Man habe mehr auf Fehler gelauert als selbst die Initiative zu ergreifen, bestätigt FBC-Coach Ekvall: „Kaufering hat es uns schwer gemacht, aber eine fleißige Abwehr und eine gute Leistung von unserem Torwart Paul Stempfle sorgten dafür, dass wir unseren Spielplan umsetzen konnten.“ Denn als zu Beginn des zweiten Drittels die Drehzahl auf Kauferinger Seite etwas abnahm, kamen die Gäste besser ins Spiel.

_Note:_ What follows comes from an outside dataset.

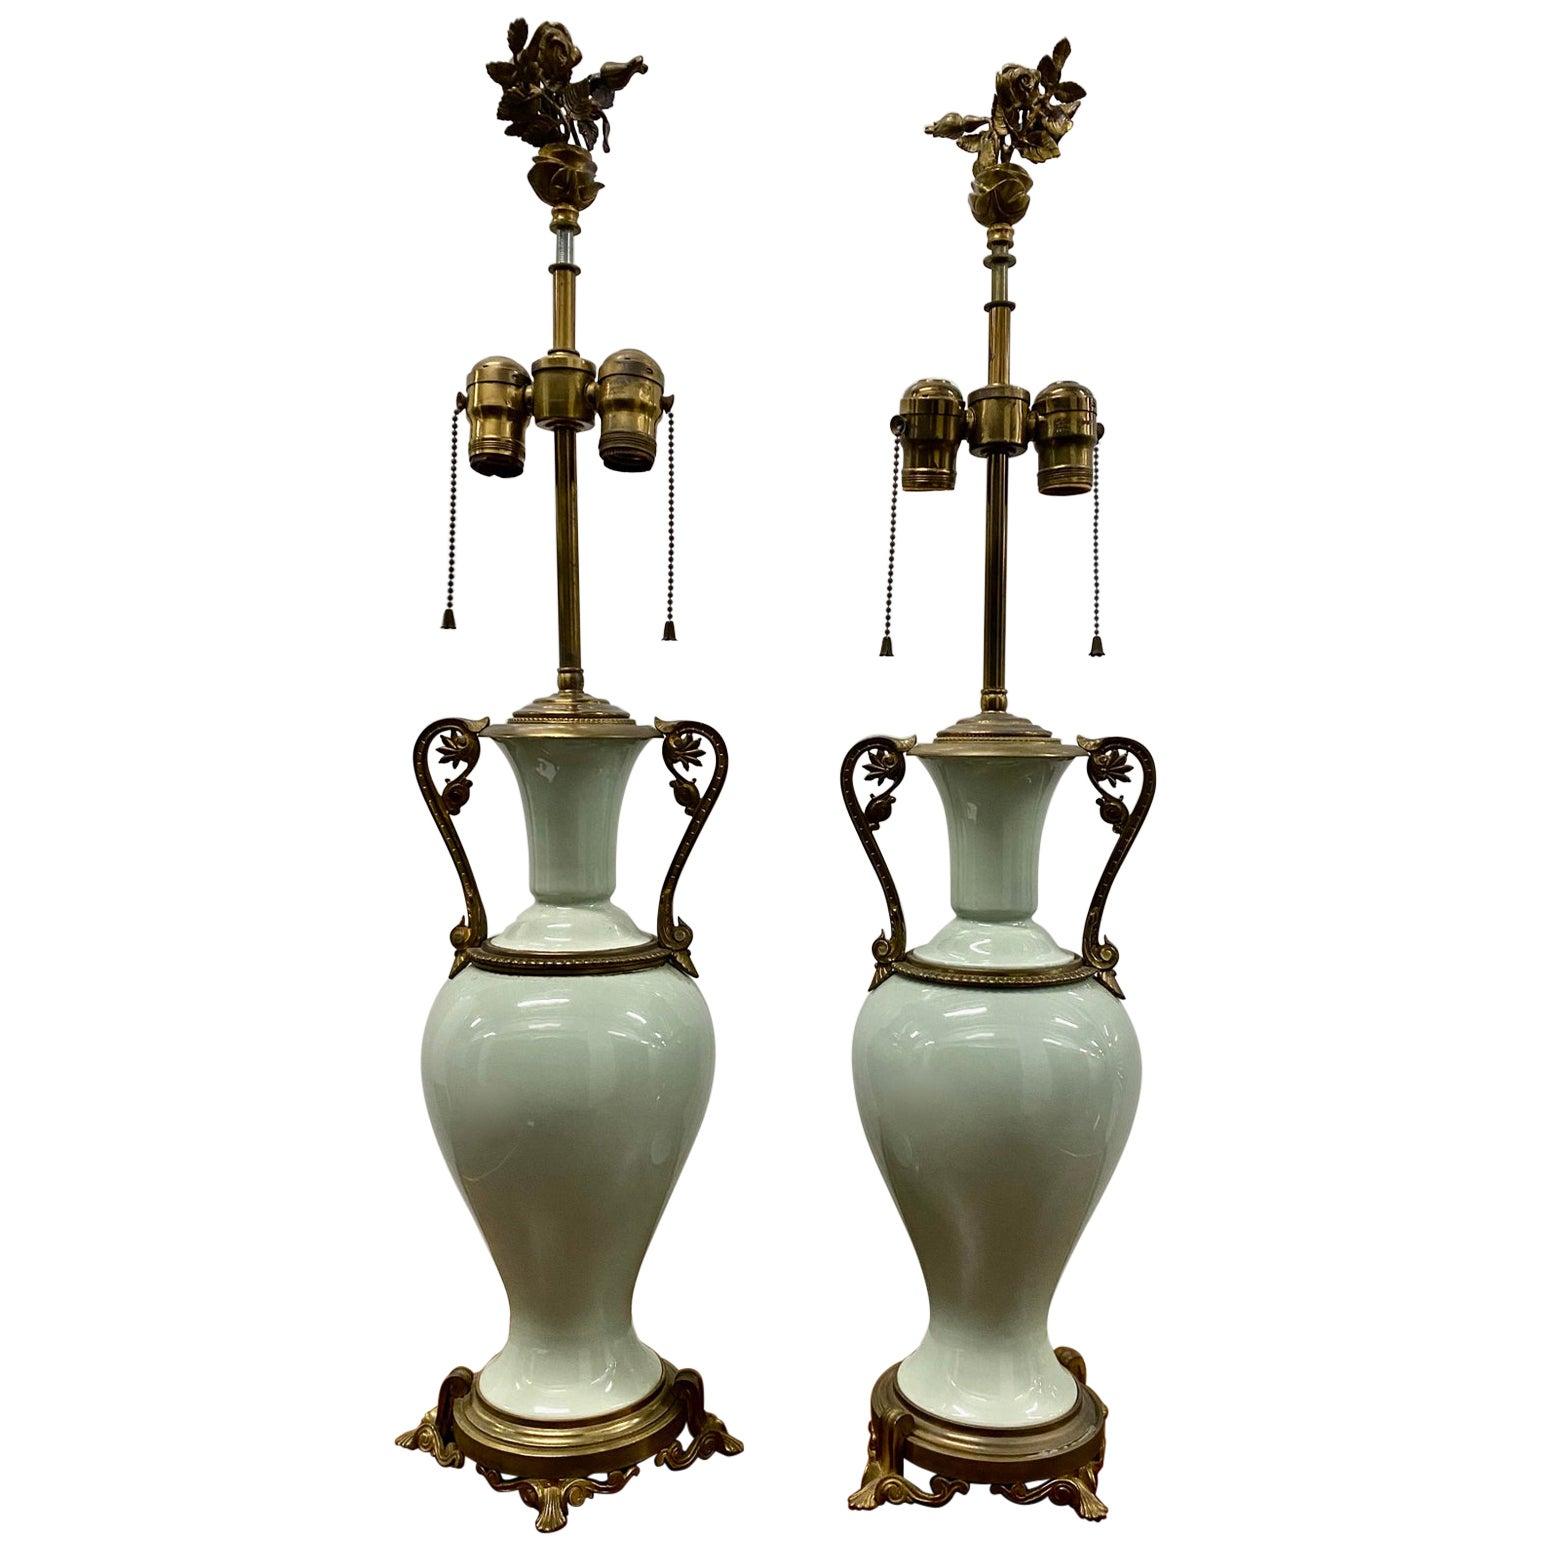 Pair of Elegant Sage Green Porcelain Table Lamps with Ormolu Mounts, circa 1940

Zwei gut ausgespielte Vorstöße verwerteten Imo Ziemendorf (24.) und Torben Kleinhans (35.) zum 0:2. Die Offensivbemühungen der Red Hocks brachten weiterhin die ein oder andere aussichtsreiche Chance, zerfaserten zwischenzeitlich aber auch. So war der Anschluss durch Marco Tobisch zwar ein Zufallsprodukt (40.) – aber auch wichtiger Brustlöser. „Das war der Wendepunkt“, findet Kauferings Verteidiger Joe Föhr.

Nach dem furiosen Kauferinger Zwischenspurt zu Beginn des letzten Drittels sei es zwischendurch auf beiden Seiten etwas chaotisch zugegangen, konstatiert Nordström. Nutznießer waren Münchens Kai Finkenwirth (45.), der eine Unordnung in der Defensive der Red Hocks bestrafte, und Ferdinand Reichenberger, der nach einem Abpraller wieder auf 6:3 erhöhte.„Wir haben unsere Ruhe dann wiedergefunden und kontrollierten das Spiel bis zum Schluss.“

Toni Lahtinen stellte mit einem Schuss ins leere Tor (60.) den Endstand her. „Wir müssen zugeben, dass wir nicht mehr wirklich zurückgekommen sind und Kaufering letztendlich verdient gewonnen hat“, so Ekvall.

Halbfinale gegen Ebersgöns

Als punktbester Erster der beiden Zweitligastaffeln haben sich die Red Hocks für den weiteren Saisonverlauf das Heimrecht gesichert. Weiter geht es am kommenden Sonntag auswärts mit dem ersten Spiel der Halbfinalserie (14 Uhr). Gegner ist Tollwut Ebersgöns aus Hessen.

„Ein guter Start ist entscheidend, um das Momentum auf unserer Seite zu behalten“, erklärt Joe Föhr. Dass sein Team pünktlich vor dem München-Spiel personell wieder aus dem Vollen schöpfen konnte, habe geholfen – so soll es auch in den Playoffs sein. „Wir bleiben in den entscheidenden Situationen ruhig.“ Jetzt startet die heiße Saisonphase.

Die Anmeldung für den Bus nach Ebersgöns läuft über die Homepage www.redhocks.de, sobald alle Informationen vorliegen.